Кажется невероятным, что тут можно заблудиться, меньше, чем в получасе езды от Рима, ясным летним вечером, собравшись поужинать во Фреджене — заблудиться мне, родившемуся в Риме и коренному римлянину, и этому странному человеку рядом со мной; исходившему, по его собственным словам, здесь все “вдоль и поперек” с кадастровой описью; тем не менее, это факт — мы заблудились. Он остервенело роется в карманах дверей, кресел, в бардачке, вероятно, в поисках карты и, хотя я уже понял, что, когда имеешь с ним дело, нельзя торопиться с выводами, не могу не отметить то, как он ищет — вслепую, нервничая, скорее как вор, а не хозяин машины. Никакой карты, естественно, он не находит, если он ищет именно карту: кроме документов на машину, уже мною изученных, наружу вываливается всякий замшелый хлам — заплесневелые крекеры, затрепанный справочник “Весь город” (но не Рим, а Генуя) и изорванная книга — Клио Пиццингрилли, разбираю с трудом на обложке, “Выход… “ — даже не изорванная, а изгрызенная, причем, не человеком, судя по размеру укусов, правильных, круглых, прорезающих книгу насквозь, как будто медведь Йоги полакомился бутербродом.[26]
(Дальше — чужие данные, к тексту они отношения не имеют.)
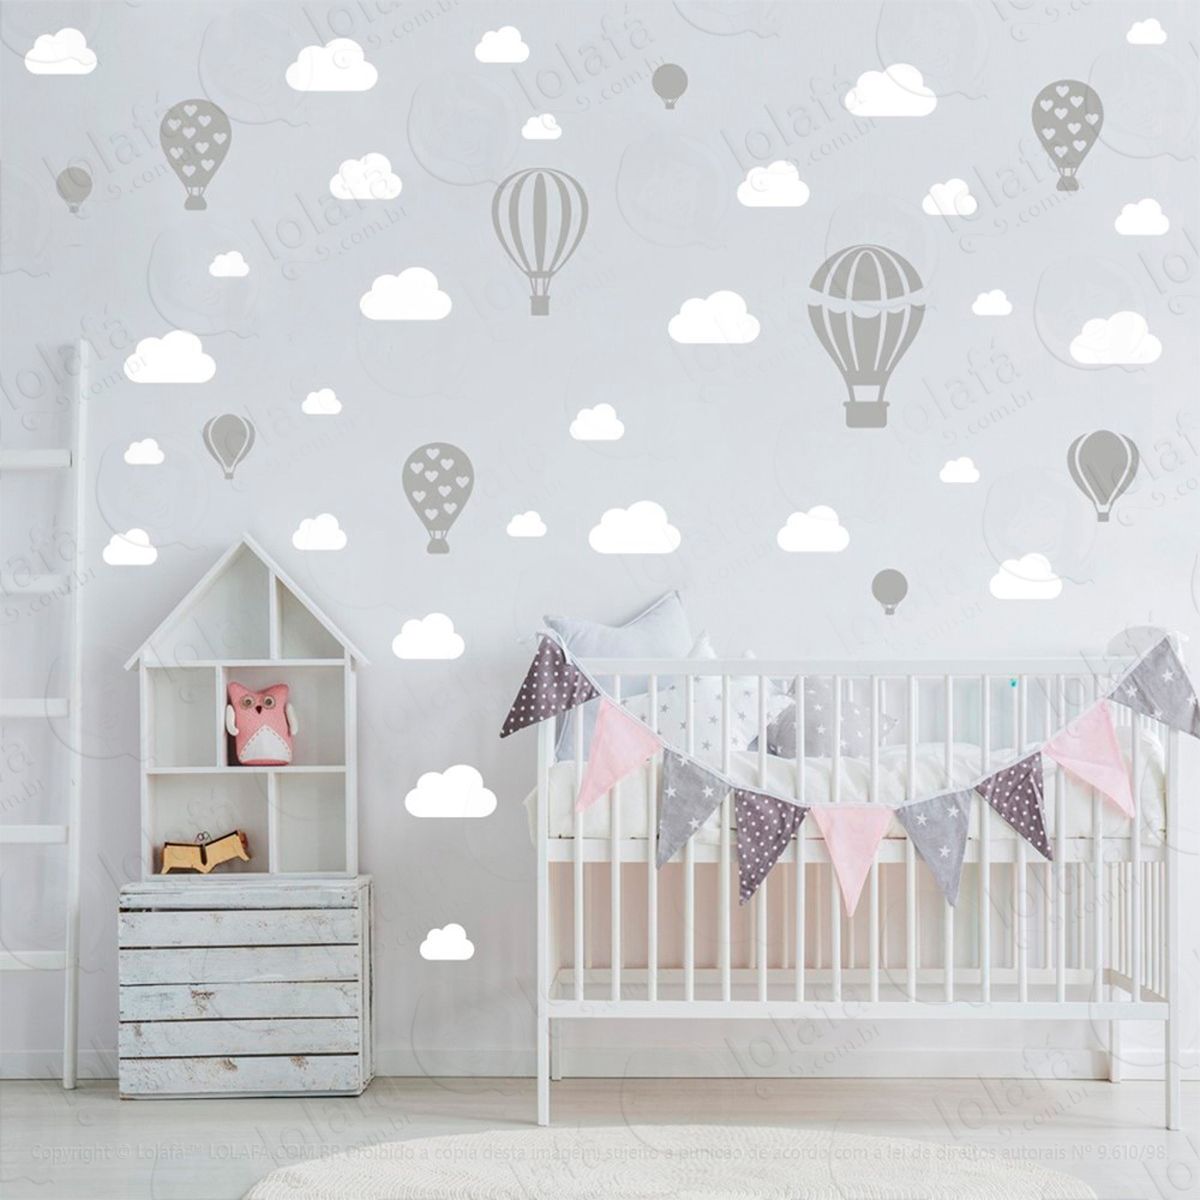 adesivos balões e nuvens 42 peças adesivos para quarto de bebê infantil - mod:947

— Что за черт… — бормочет он.

Он откидывается на спинку сидения, которое издает леденящий душу скрип, потом пожимает плечами и далее с гримасой — весьма выразительной, которую я никогда не сумел бы воспроизвести — сообщает мне, что не суть важно, где мы находимся. Снова смотрит на меня, в тишине отчетливо слышен свист в его легких, меня притягивает пристальная глубина его взгляда, и я понимаю, что здесь, сейчас, на этом месте, по какому-то непостижимому стечению обстоятельств, он выложит мне настоящую причину своего появления в моей жизни. Можете мне не верить, конечно, но я понял это сразу, а почему это не поддается логическому объяснению: вот понял и все тут. И оказался прав.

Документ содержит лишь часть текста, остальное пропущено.